Tom Baker has lived in The Triangle since 1975. “Our children were 2 and 6 years old when we moved here,” he says. “I worked downtown, so I walked to work for many years. Having bus transportation as an option in bad weather was great, too.
“We liked the diversity of the neighborhood, and the kids grew up with a mix of friends. Our kids went to Wilmington Friends. Our daughter had started there before we even thought of moving here. I think one real advantage of living here is that our kids grew up colorblind.”
One more key point: You’ll be involved with an active, tight-knit, totally wired civic association that counts a few key city officials among its membership. Triangle Neighborhood Association president Howard Sholl describes the place this way: “Beautiful, well-built homes that actually have some character and great neighbors you actually get to meet and know.”
Shannon and Lisa Stevens have lived in The Triangle for three years. They cherish the fact that their two small children can play with several other kids on their block. “They play out front and go to each other’s houses,” says Shannon, a marketing consultant. “We can even hear the marching bands and the games at Baynard Stadium.
“The interesting thing about The Triangle is that you live in the city, yet you have the feeling that you’re outside the city, largely because we’re so close to Brandywine Park,” says Stevens. “It’s just a nice little pocket.”
Hop across Pennsylvania Avenue from Trolley Square to find another neighborhood that rivals The Triangle for novelty and tranquility. Cool Spring-Tilton Park is chock-a-block with beautiful Queen Anne homes and other beautiful options in the vicinity of the renovated Cool Spring Reservoir—now a giant urban park—to be had at prices from $100,000 to $650,000.

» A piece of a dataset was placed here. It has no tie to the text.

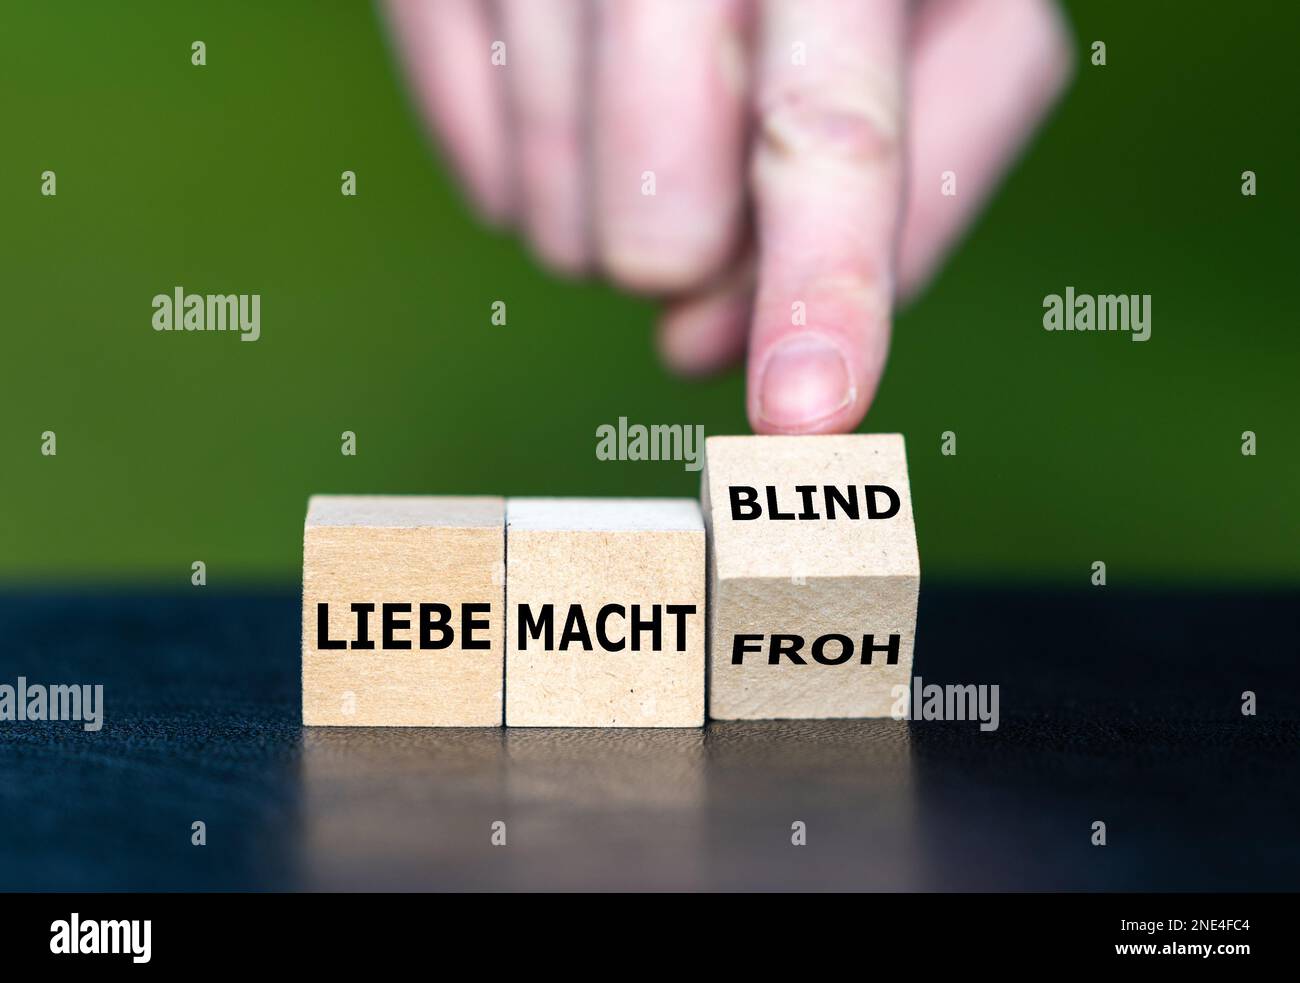 La main tourne des cubes en bois et change le dicton allemand 'liebe macht froh' (l'amour rend heureux) à 'liebe macht blind' (l'amour rend aveugle). Banque D'Images

“I bought a 2,800-square foot home here in Cool Spring for the same amount of money that would have purchased about 1,500-square feet in Trolley,” says Ed Weirauch, vice president of the Cool Spring-Tilton Park Neighborhood Association. “We have plenty of green space to go along with the reservoir. And many of our homes feature large backyards, by urban standards.”
Sending your daughter to Padua or Ursuline Academy? She can walk. Dinner out on the neighborhood? You’ll have to join the swanky University and Whist Club. Best party in the neighborhood? The annual Greek Festival at Holy Trinity Greek Orthodox Church.
Weirauch points out that about 100 homes are listed on the National Register of Historic Places. “We’re a diverse community of artists, musicians as well as craftsmen,” says Weirauch, “all of whom are within easy walking distance of downtown.”